**Exercise aim**. Would you repeat the listing exactly, without any of its images?

··· Source data ···

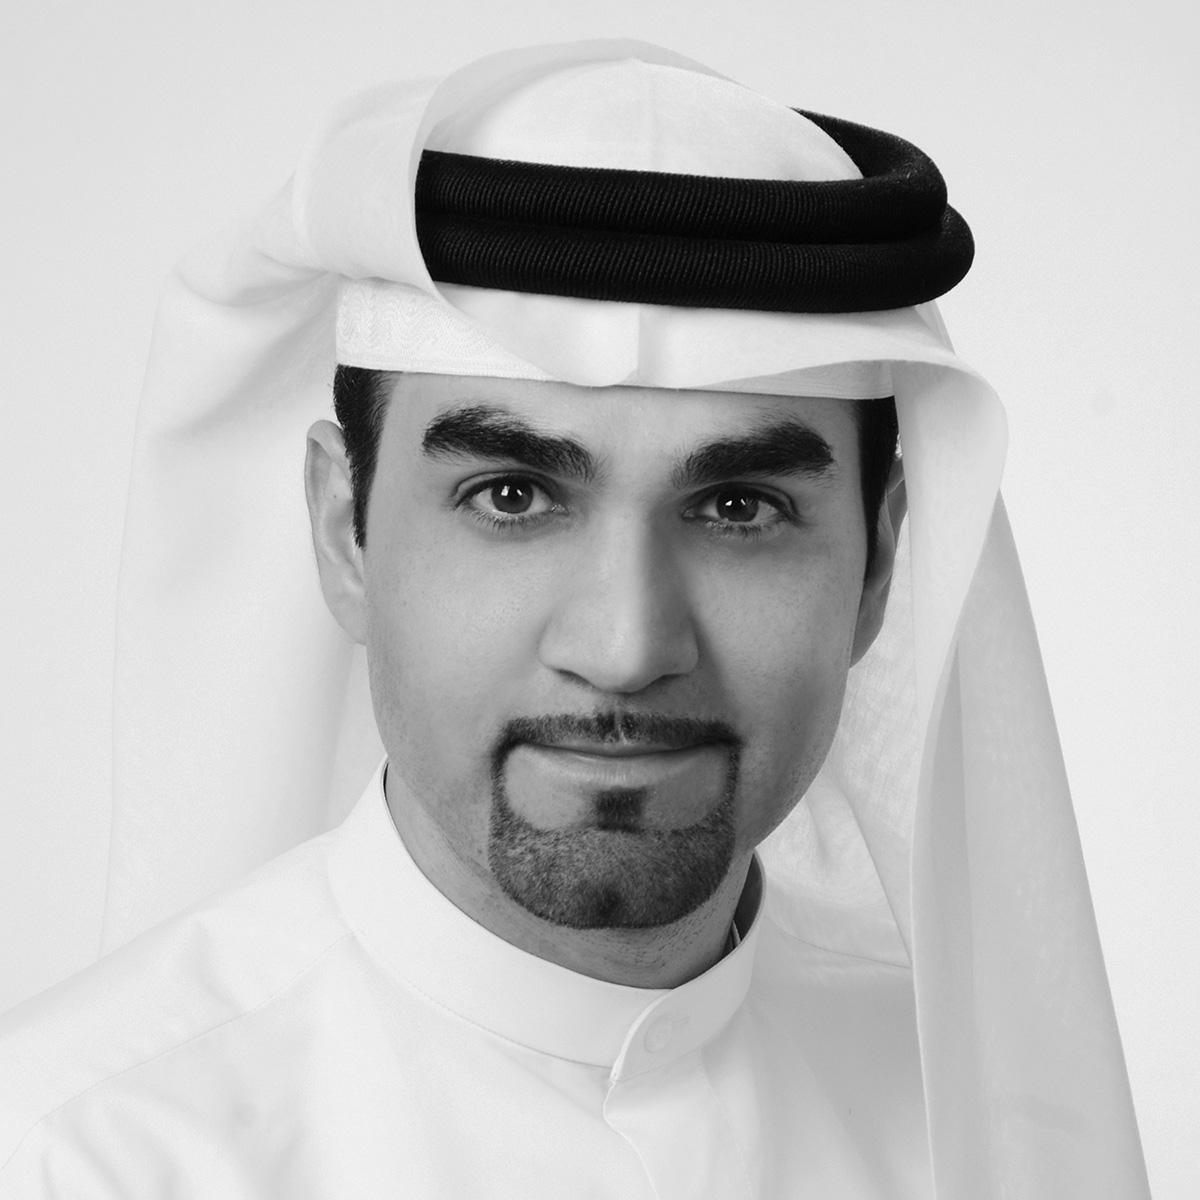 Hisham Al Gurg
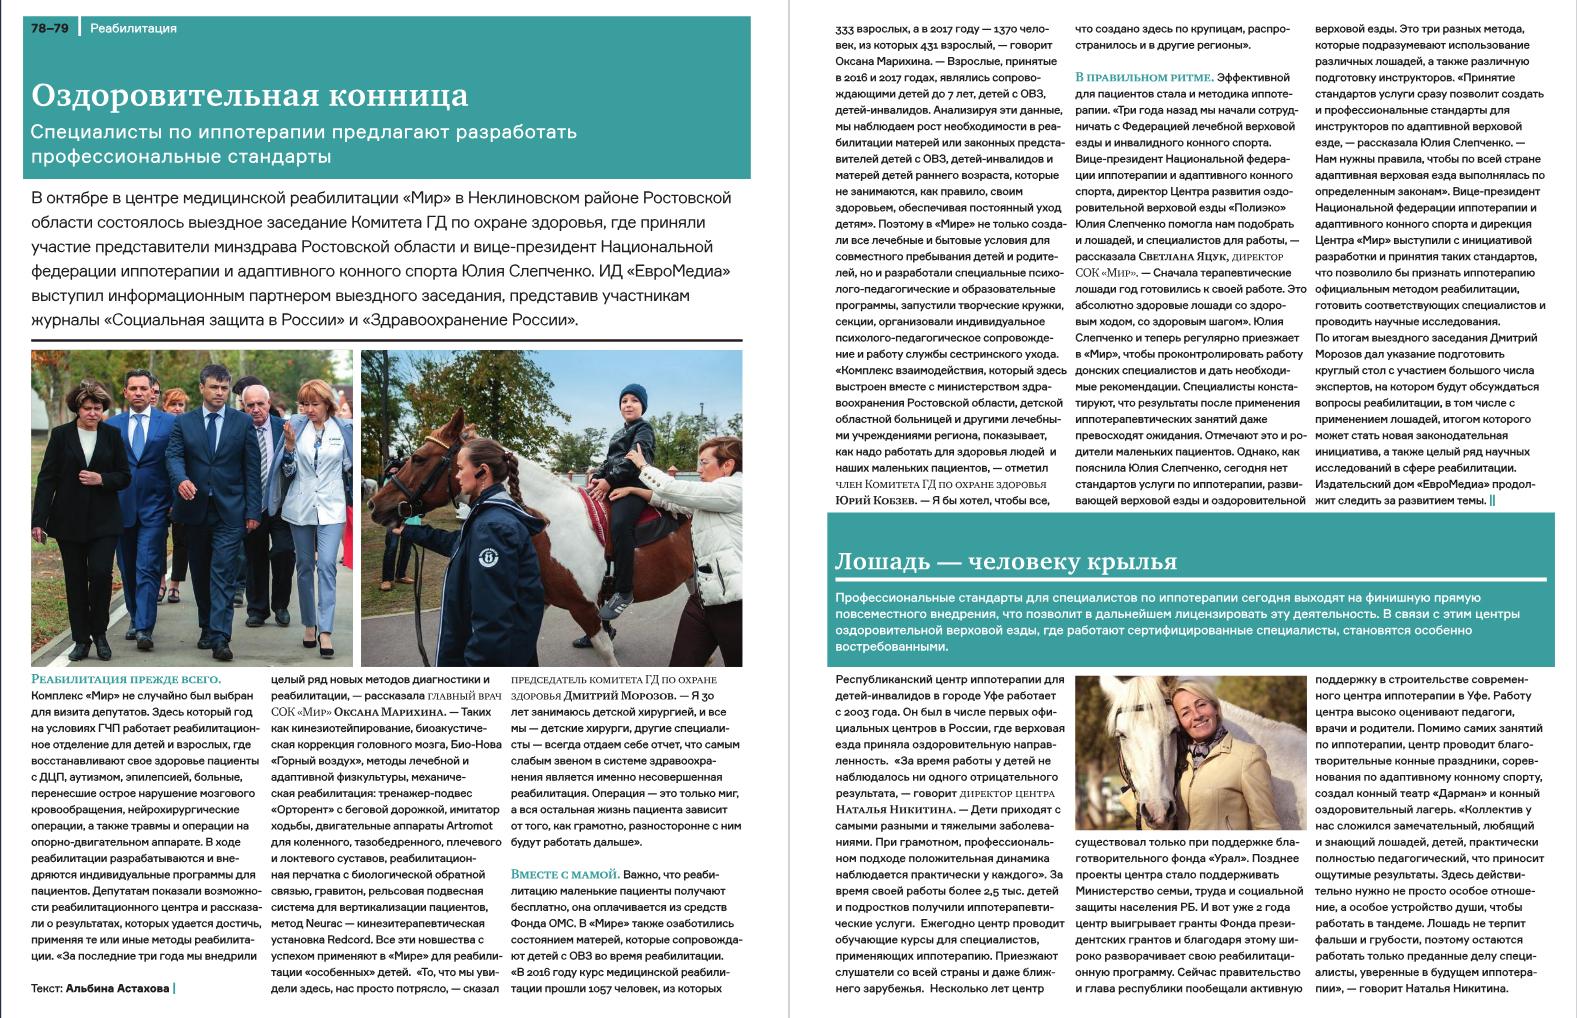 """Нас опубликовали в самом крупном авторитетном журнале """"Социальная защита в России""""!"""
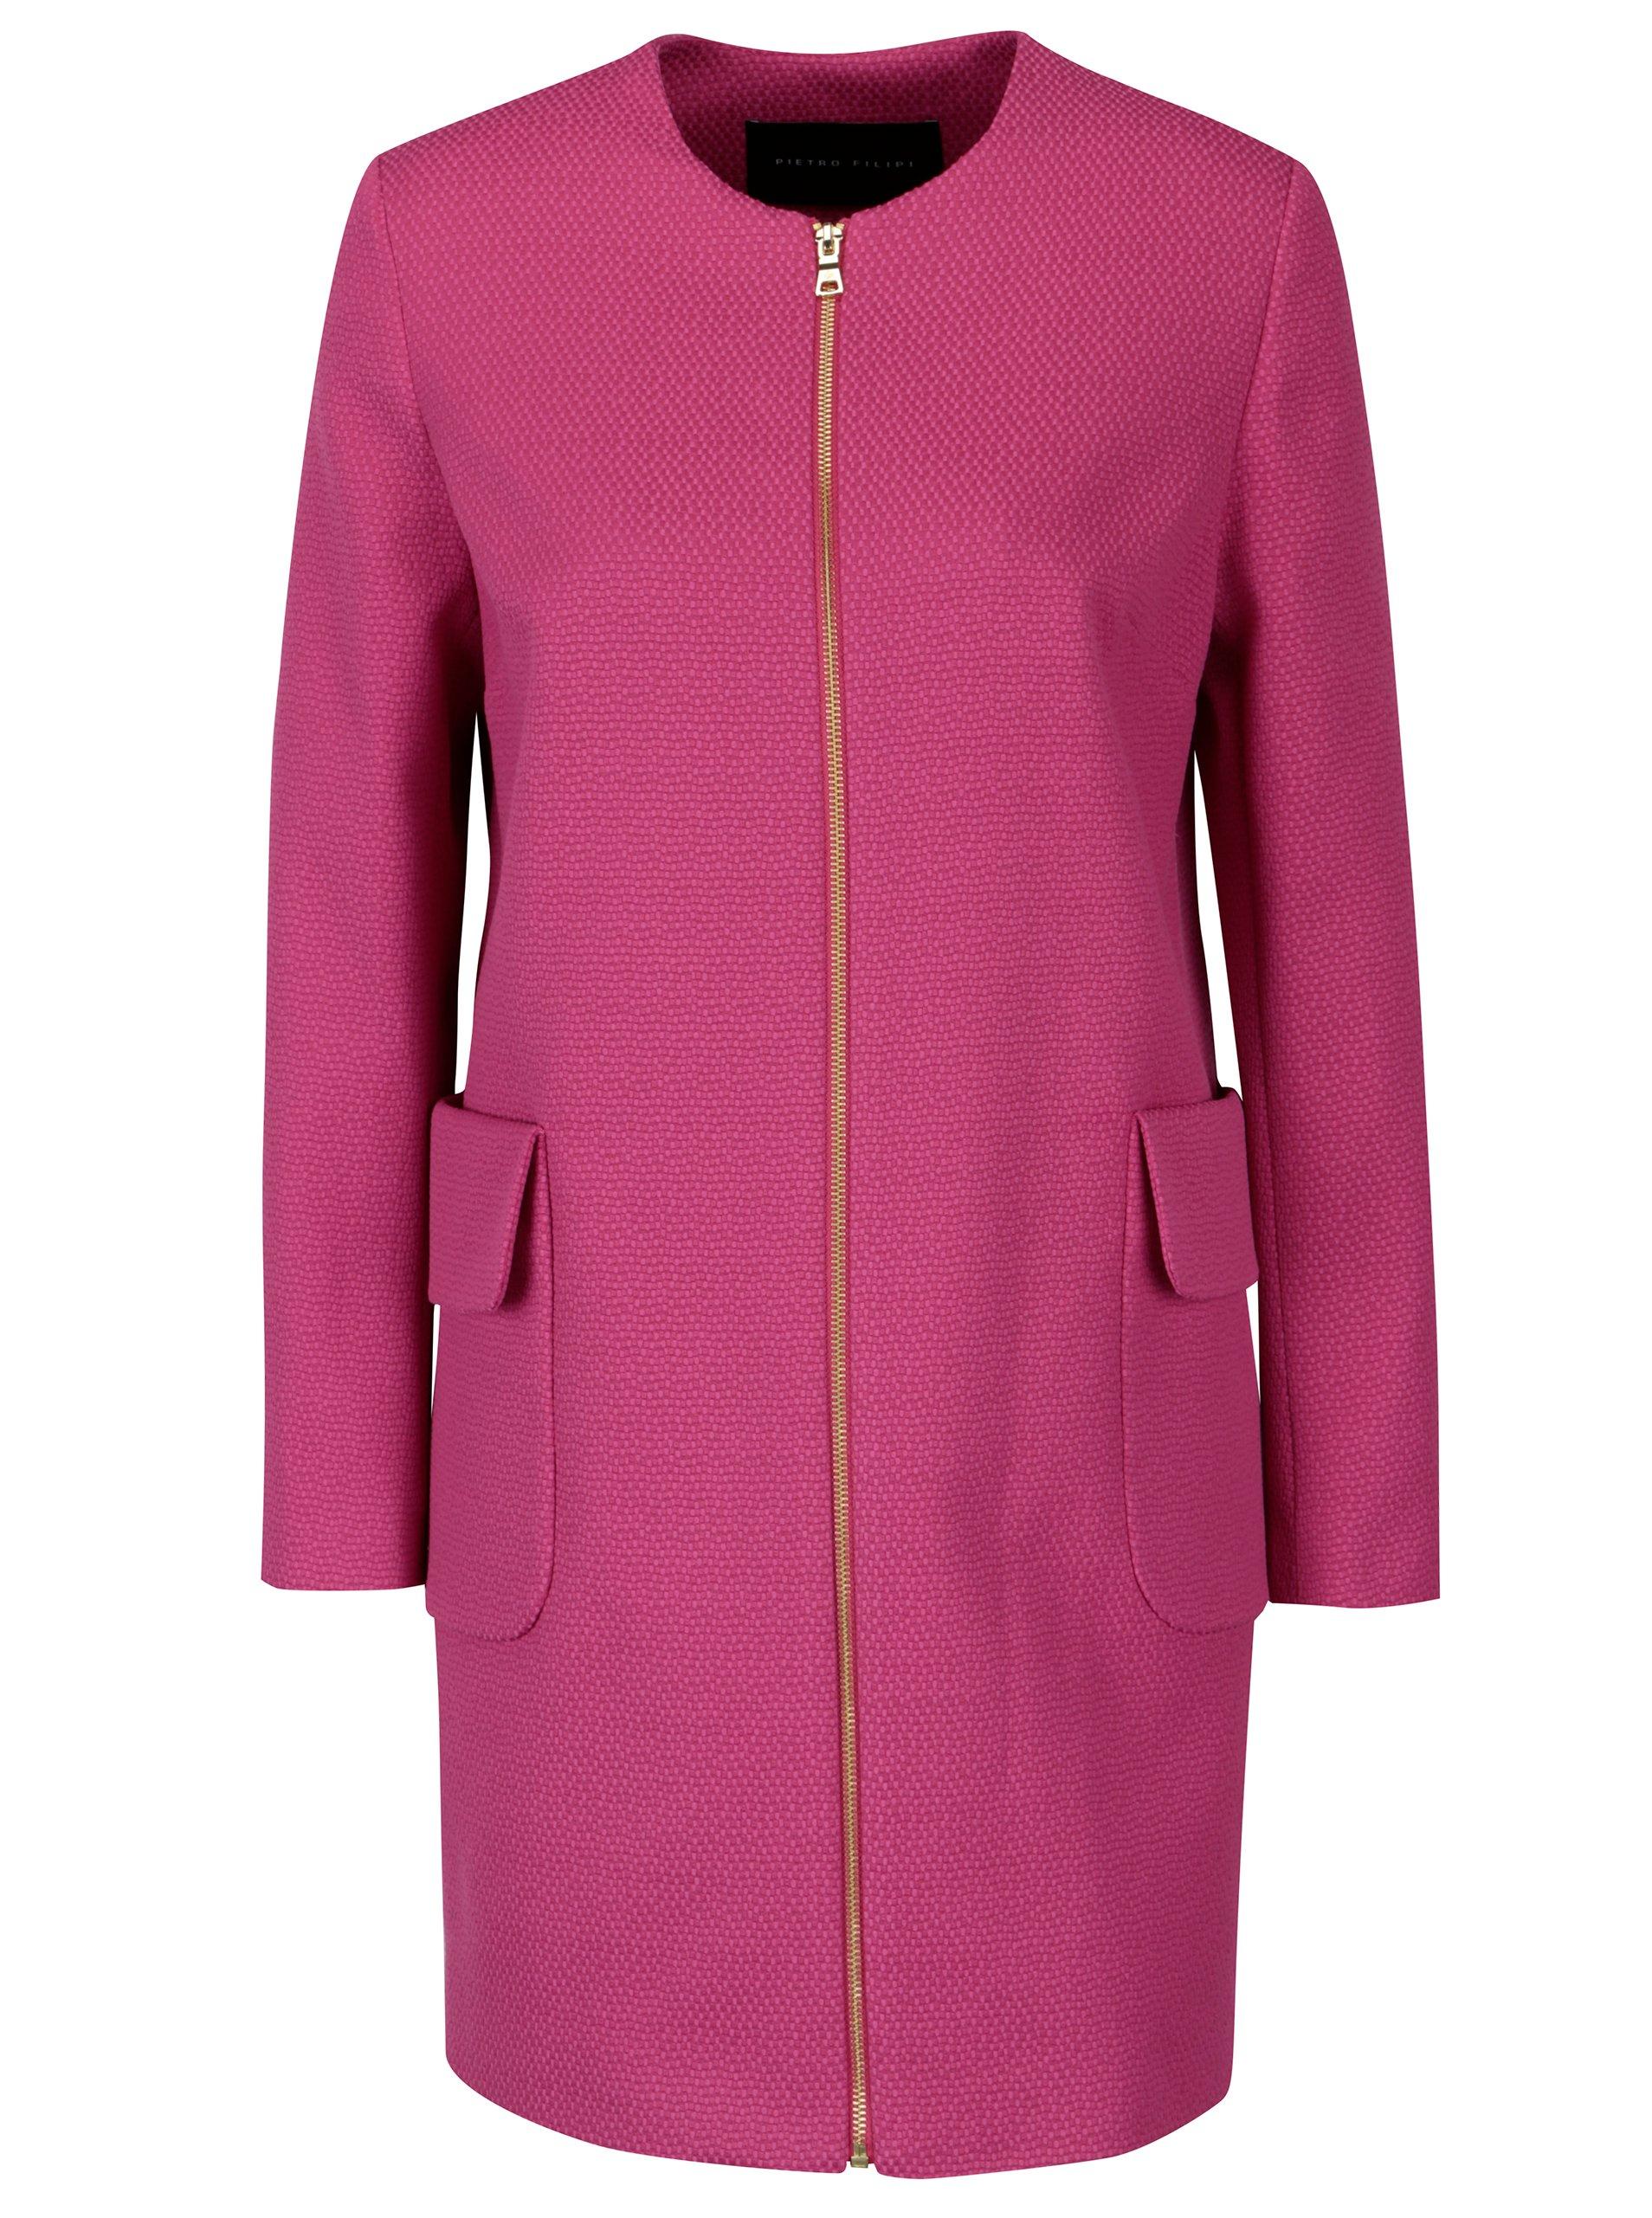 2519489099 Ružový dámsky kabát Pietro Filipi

···

**Answer space**.
 Hisham Al Gurg
 """Нас опубликовали в самом крупном авторитетном журнале """"Социальная защита в России""""!"""
 2519489099 Ružový dámsky kabát Pietro Filipi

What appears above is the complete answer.